The English-speaking world in general and conservatives in particular have always been characterized by a strong respect for the individual and for individual liberties. Christians often attribute this to the influence of Christian teachings despite the fact that Christianity is far from peculiar to Anglo-Saxon countries. When this is pointed out, they often admit that what they really mean is the influence of Protestant Christianity in particular. The idea that Catholics are not really Christian is very common among Protestants.
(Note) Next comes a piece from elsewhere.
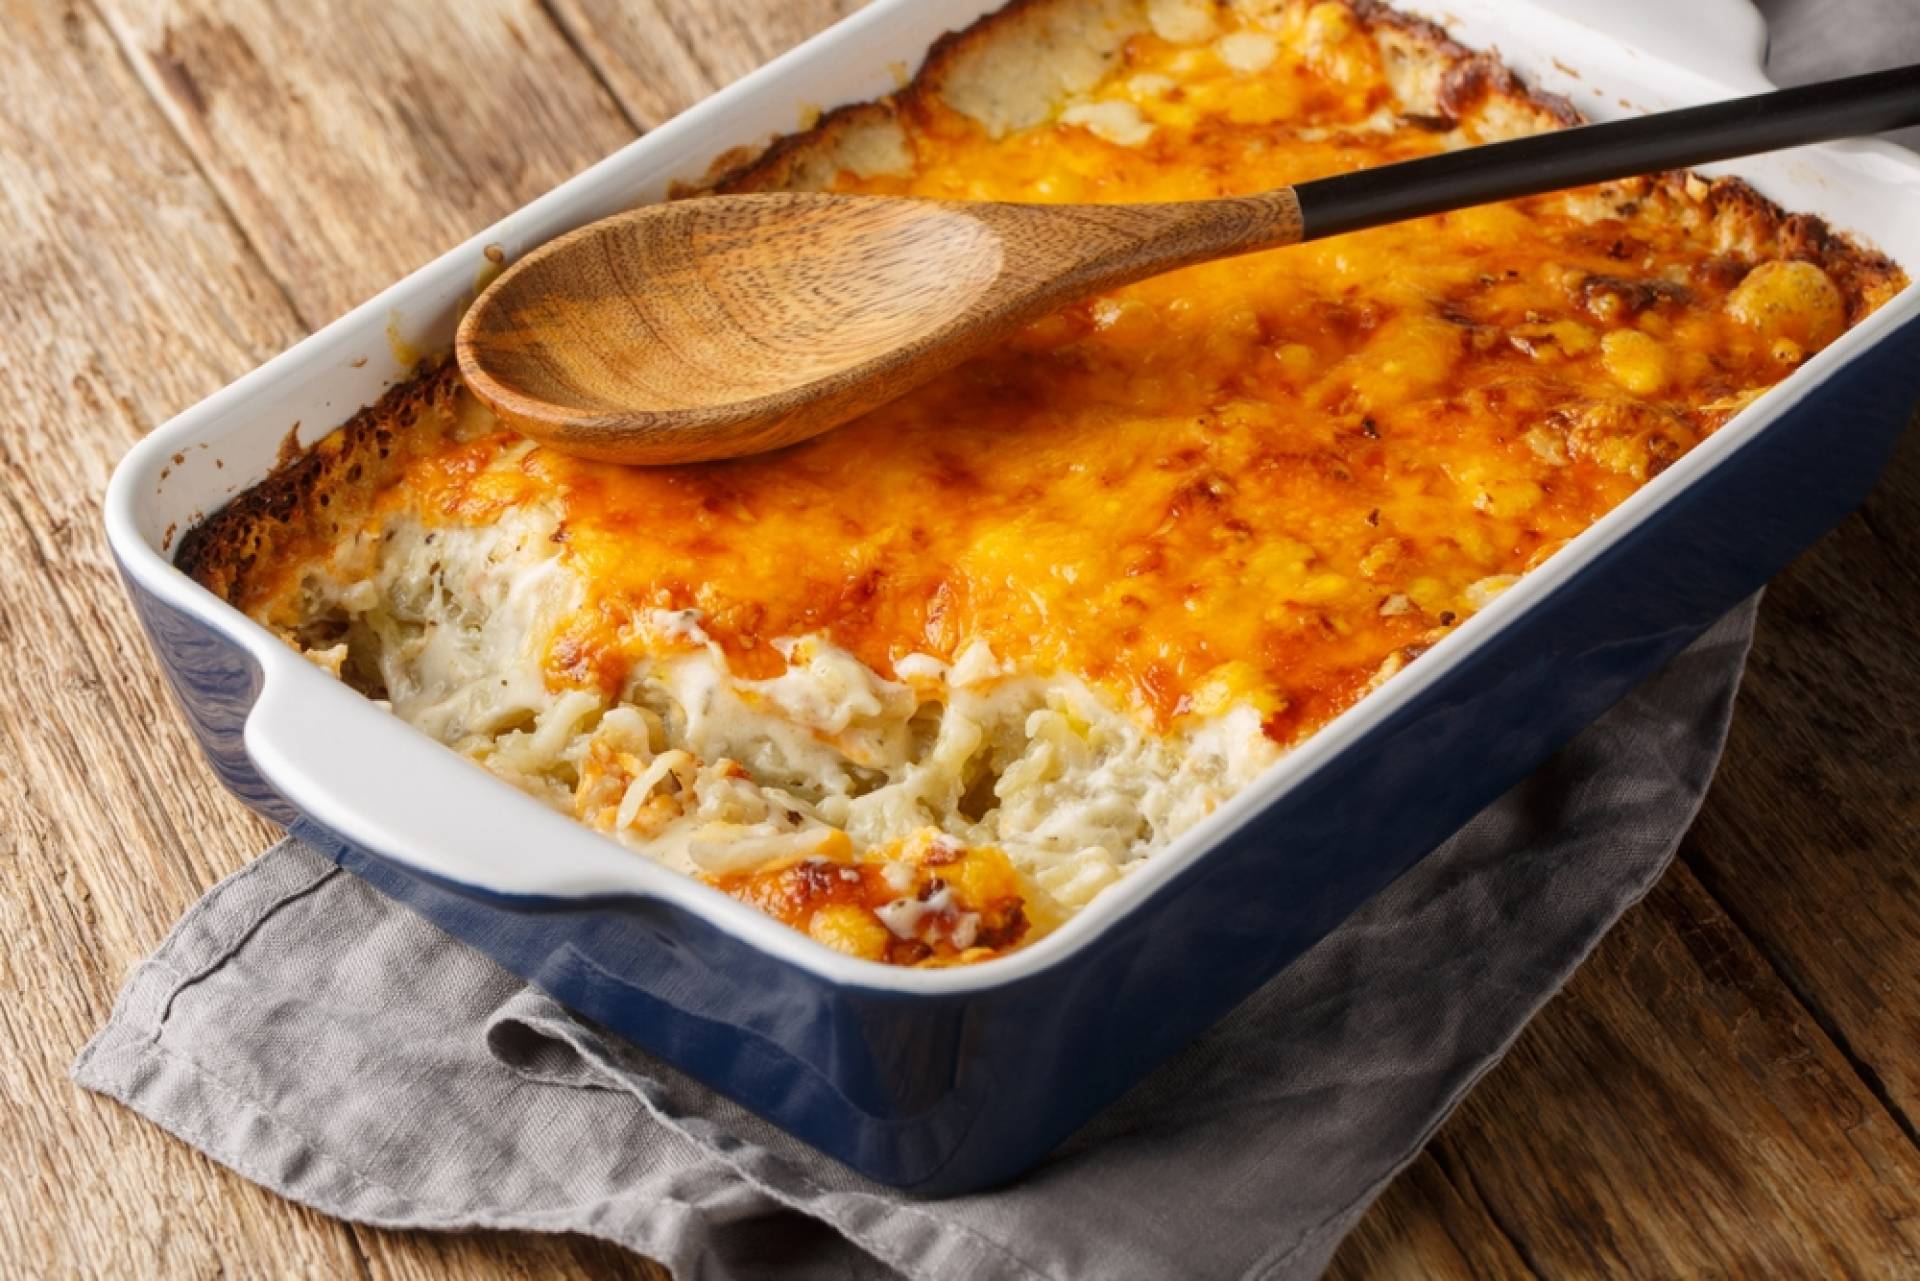 Sausage and Hashbrown Casserole

But both Protestantism and Catholicism have in the past been fiercely intolerant and, as such, resolute enemies of individual liberty. Whether it be John Calvin (who, with Luther, was one of the founding fathers of Protestantism) burning the scientist Servetus at the stake, the forbidding Puritans of Cromwell's Protectorate or the antisemitic writings of Luther himself, no-one can say that Protestants are totally different from the very holy Catholics of the Spanish Inquisition or such products of a good Catholic education as Adolf Hitler. All forms of Christianity appear to have within in them much of the intolerance that characterized the "jealous God" of the Jews (Exodus 20:5).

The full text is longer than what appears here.